As can be seen from table 3, when the scylla paramamosain anionic antimicrobial peptide is applied to fish feed for feeding, the effect of obviously improving the survival rate of the GCRV infected grass carp is achieved, which indicates that the antimicrobial peptide has a significant anti-GCRV virus effect in vivo, and the survival rate of the GCRV virus infected grass carp is higher with the increase of the concentration of the antimicrobial peptide.

It is noted that, herein, relational terms such as first and second, and the like may be used solely to distinguish one entity or action from another entity or action without necessarily requiring or implying any actual such relationship or order between such entities or actions. Also, the terms "comprises," "comprising," or any other variation thereof, are intended to cover a non-exclusive inclusion, such that a process, method, article, or terminal that comprises a list of elements does not include only those elements but may include other elements not expressly listed or inherent to such process, method, article, or terminal. Without further limitation, an element defined by the phrases "comprising … …" or "comprising … …" does not exclude the presence of additional elements in a process, method, article, or terminal that comprises the element. Further, herein, "greater than," "less than," "more than," and the like are understood to exclude the present numbers; the terms "above", "below", "within" and the like are to be understood as including the number.

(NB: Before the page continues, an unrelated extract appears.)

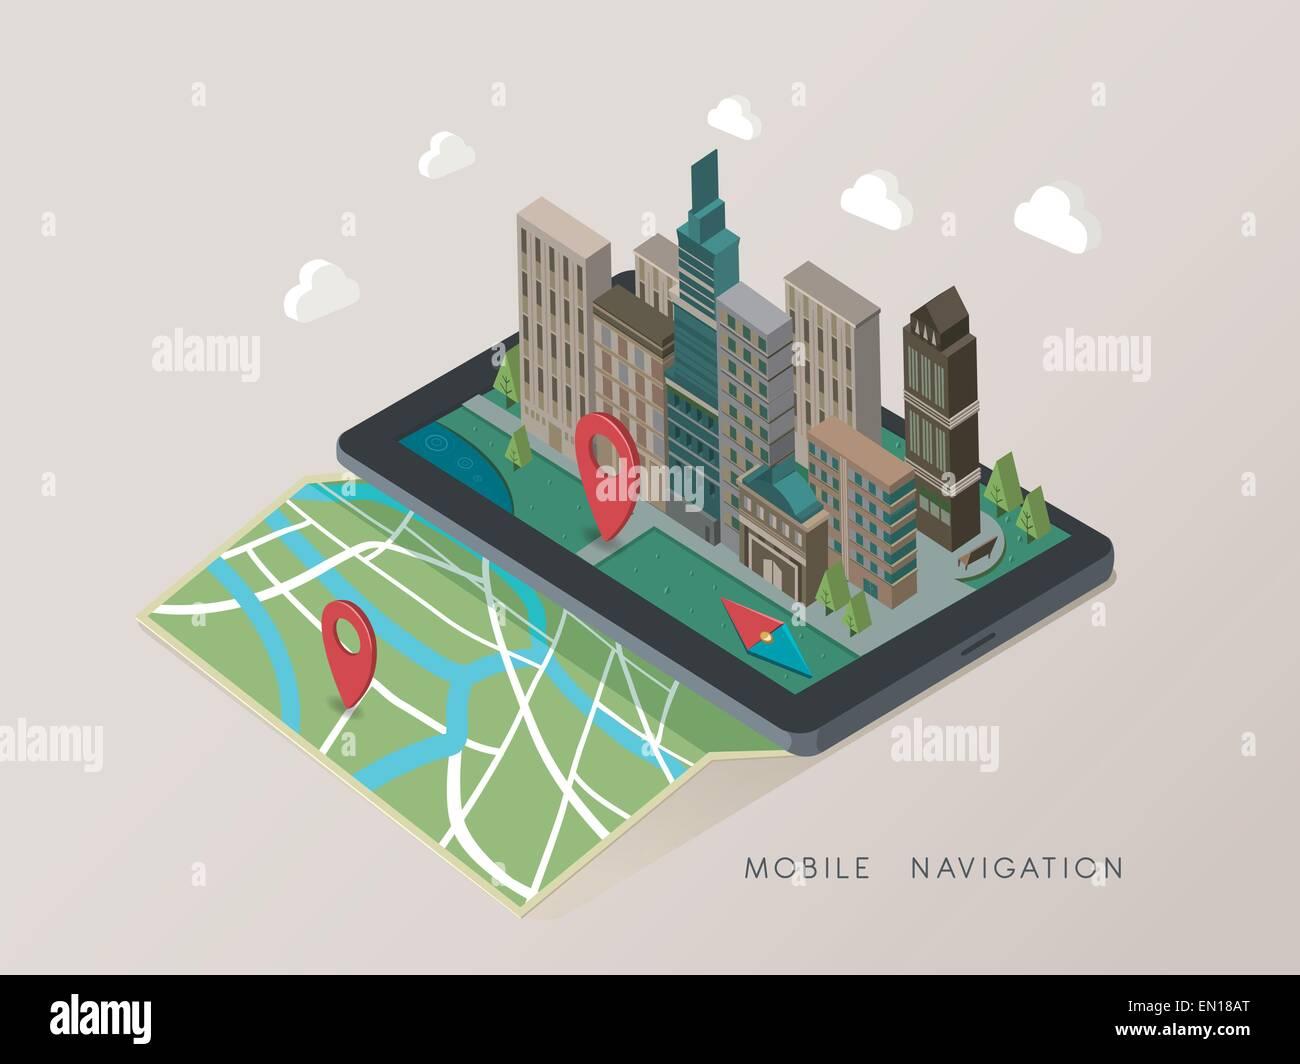 flat 3d isometric mobile navigation illustration over grey background - Stock Vector

Although the embodiments have been described, once the basic inventive concept is obtained, other variations and modifications of these embodiments can be made by those skilled in the art, so that the above embodiments are only examples of the present invention, and not intended to limit the scope of the present invention, and all the modifications of the equivalent structure or equivalent flow path using the present specification, or the direct or indirect application to other related fields are included in the scope of the present invention.